- **REQUIREMENT**: Where the listing shows an image, skip it and output all other material unchanged.
DATA SHOWN Start Marker
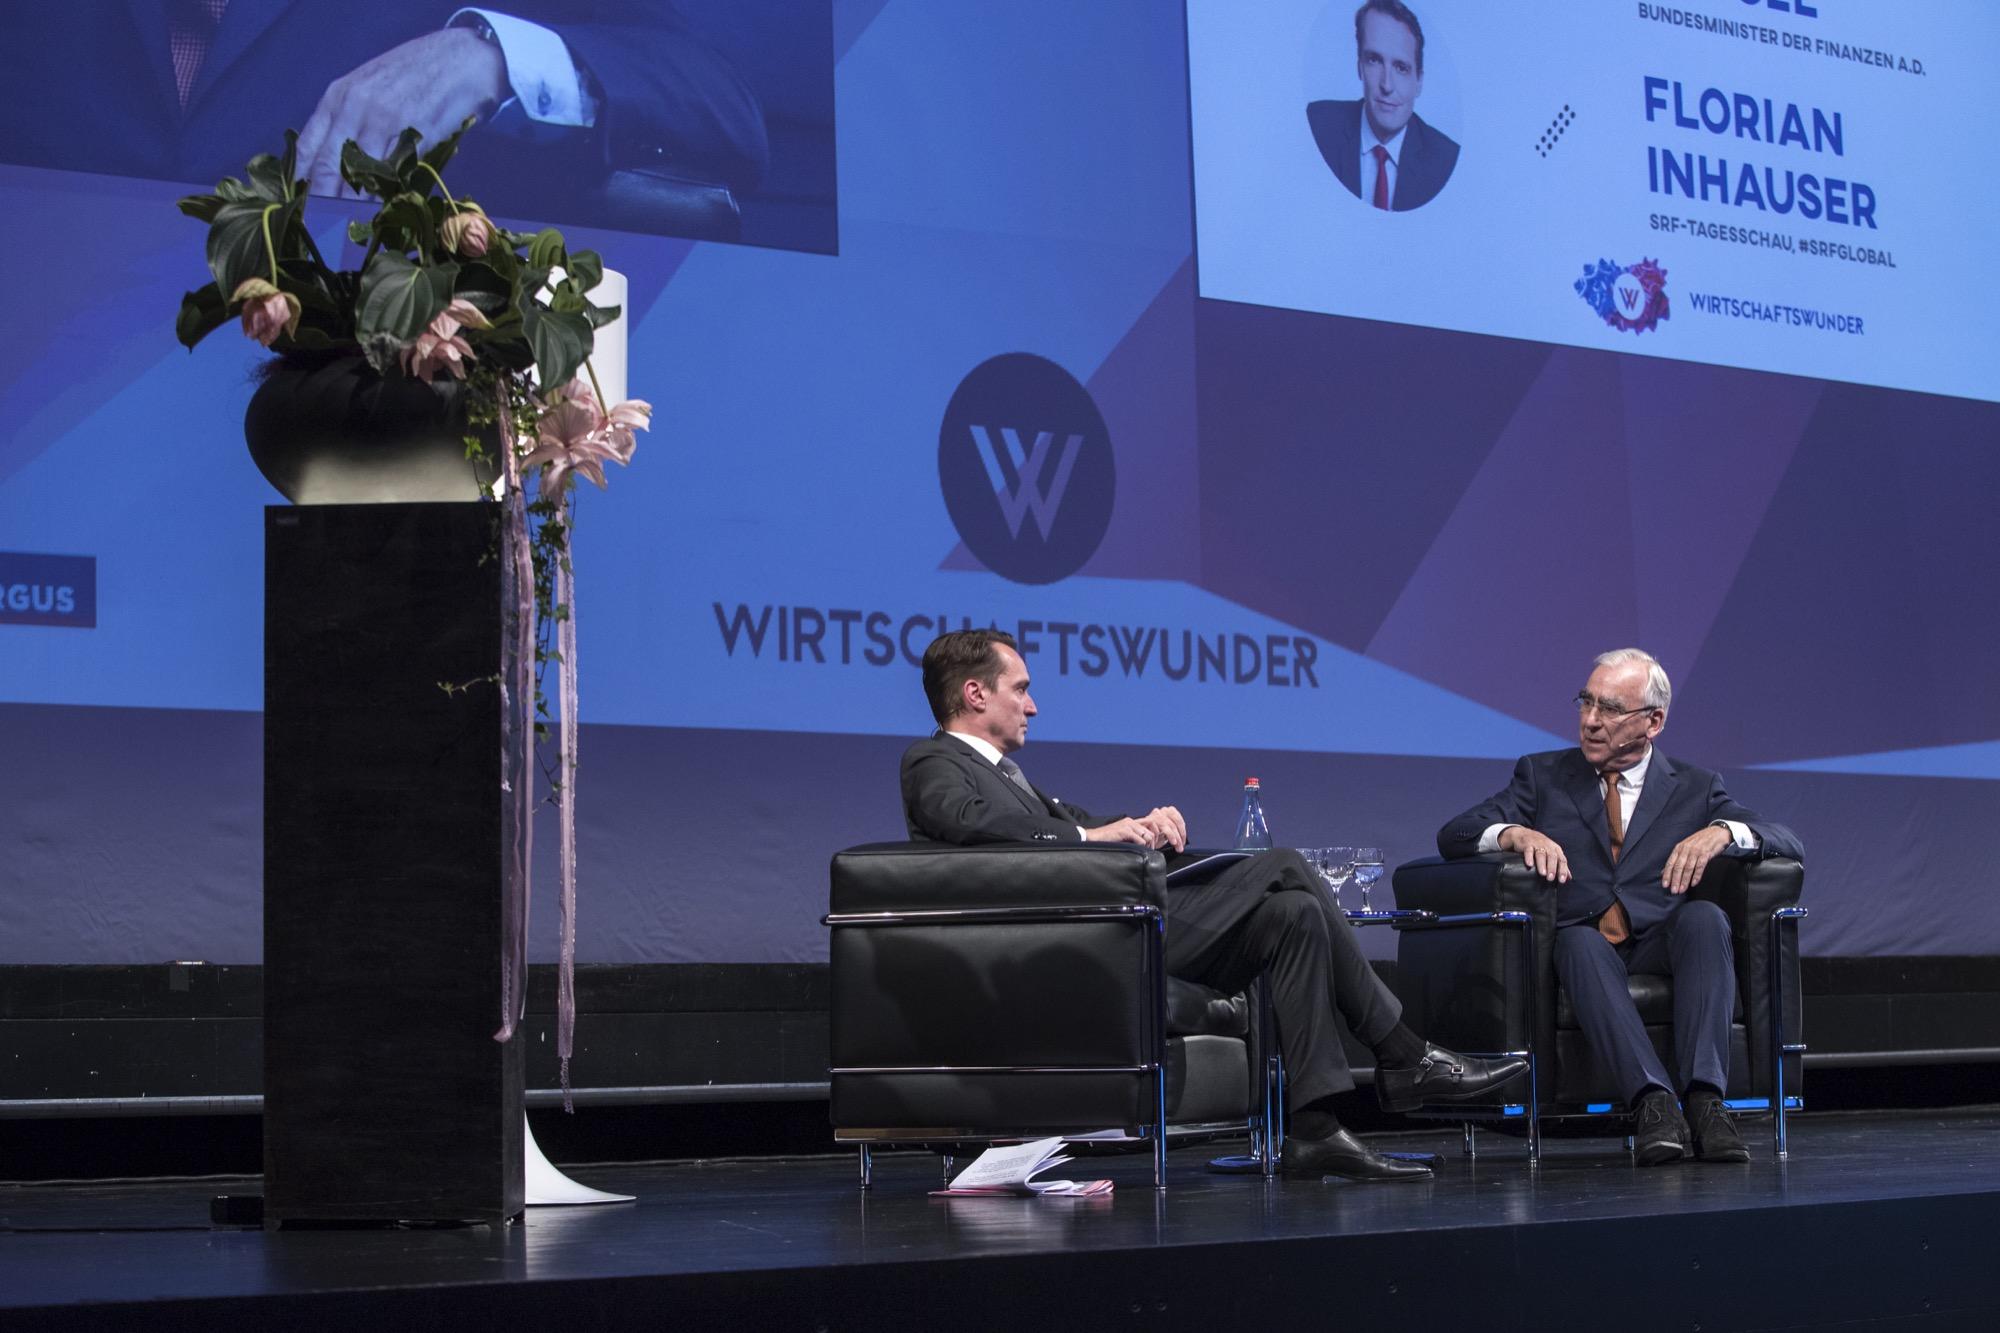 Florian Inhauser diskutiert vor einer Leinwand am Wirtschaftswunder 2017
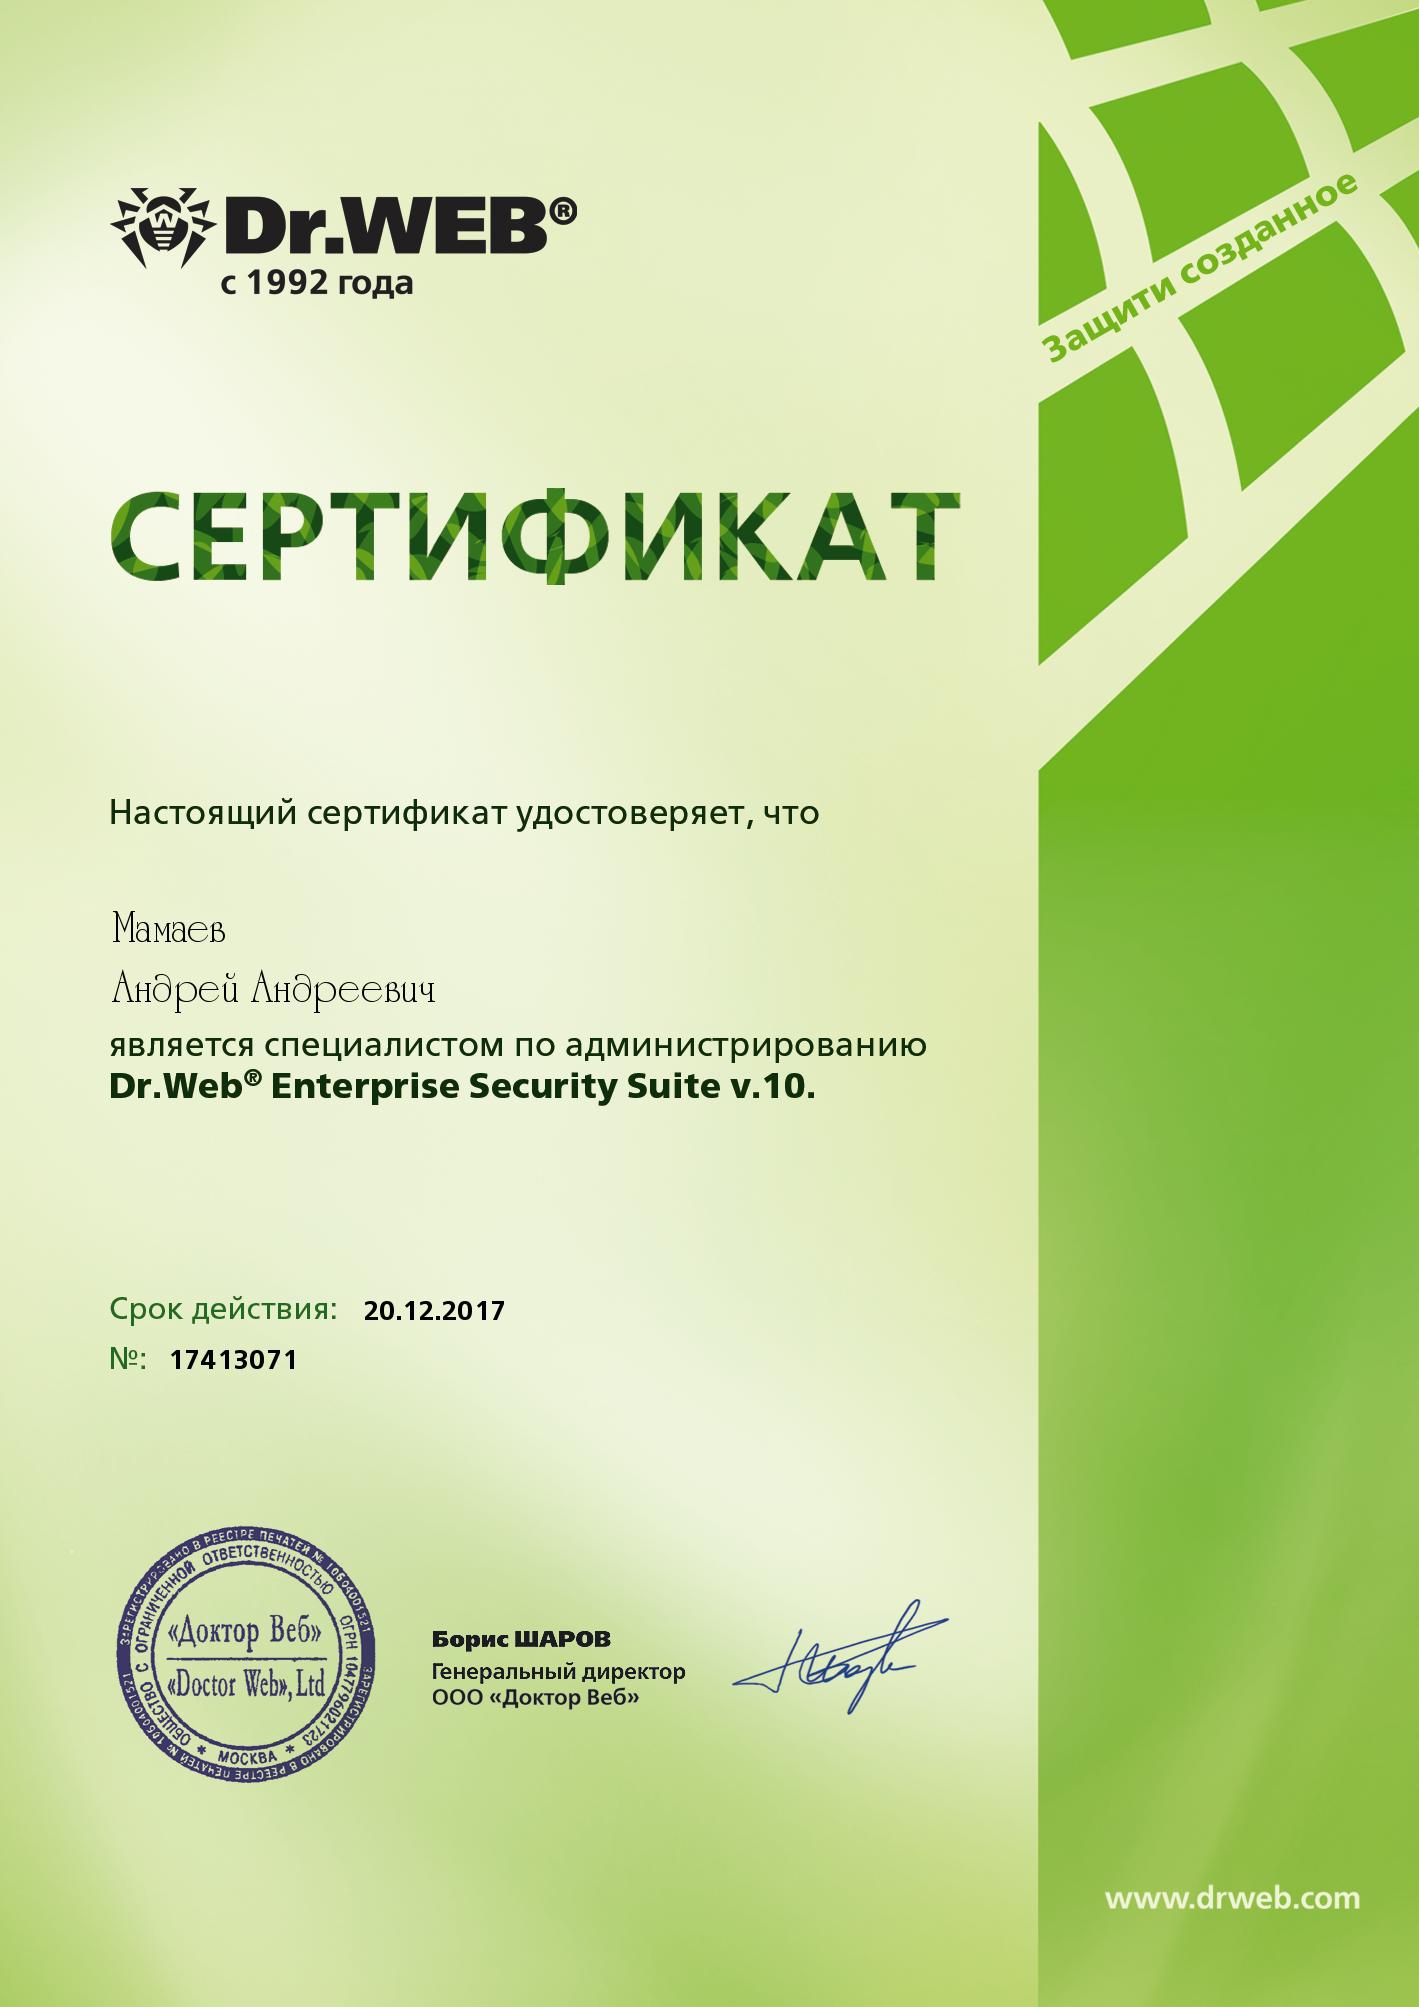 (DWCERT-002) Специалист по администрированию Dr.Web ESS v.10 (Мамаев) 20.12.2017
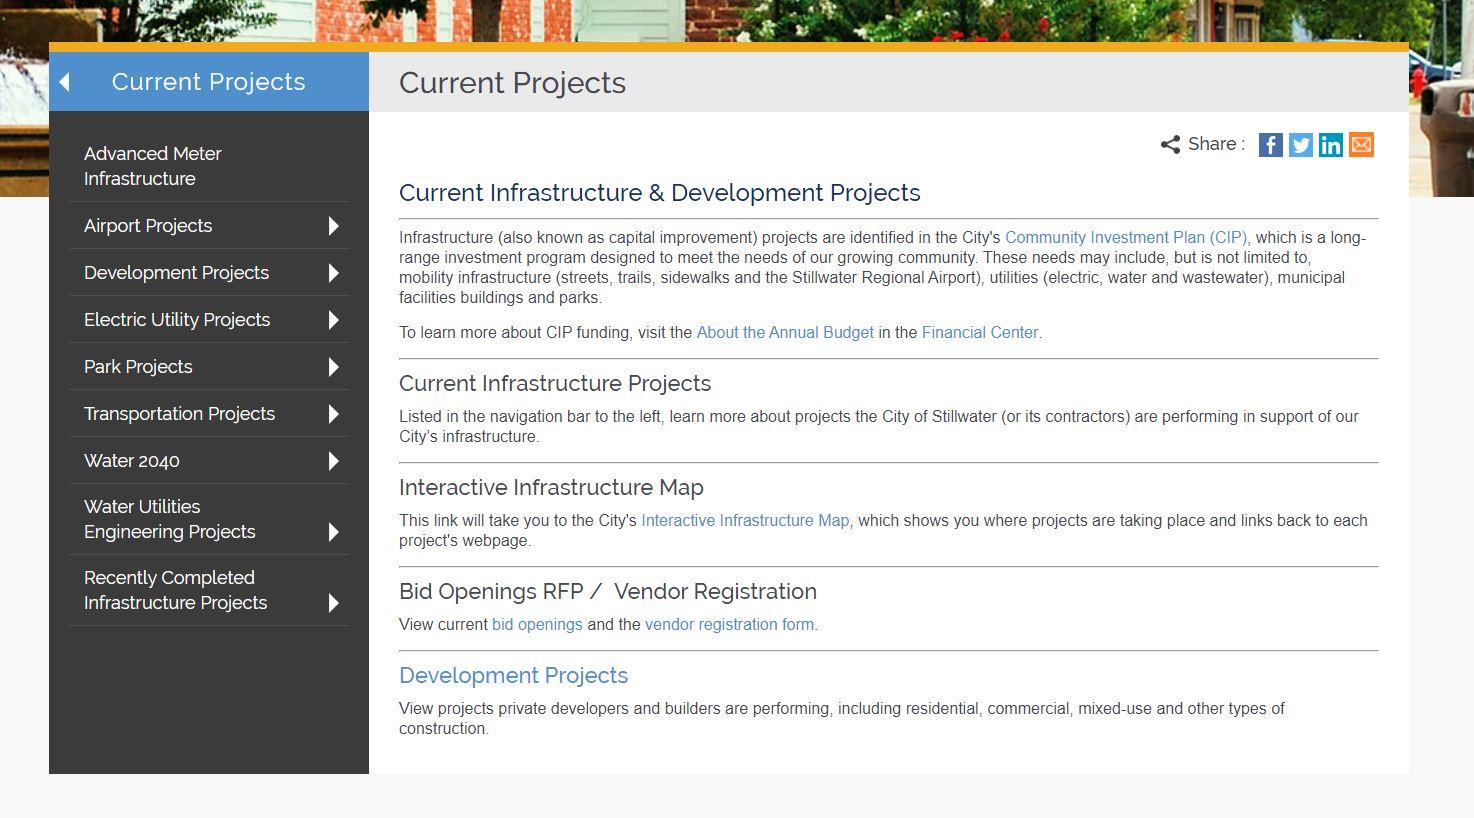 Current project screenshot
DATA SHOWN End Marker
- **PROBLEM SOLUTION**:
 Florian Inhauser diskutiert vor einer Leinwand am Wirtschaftswunder 2017
 (DWCERT-002) Специалист по администрированию Dr.Web ESS v.10 (Мамаев) 20.12.2017
 Current project screenshot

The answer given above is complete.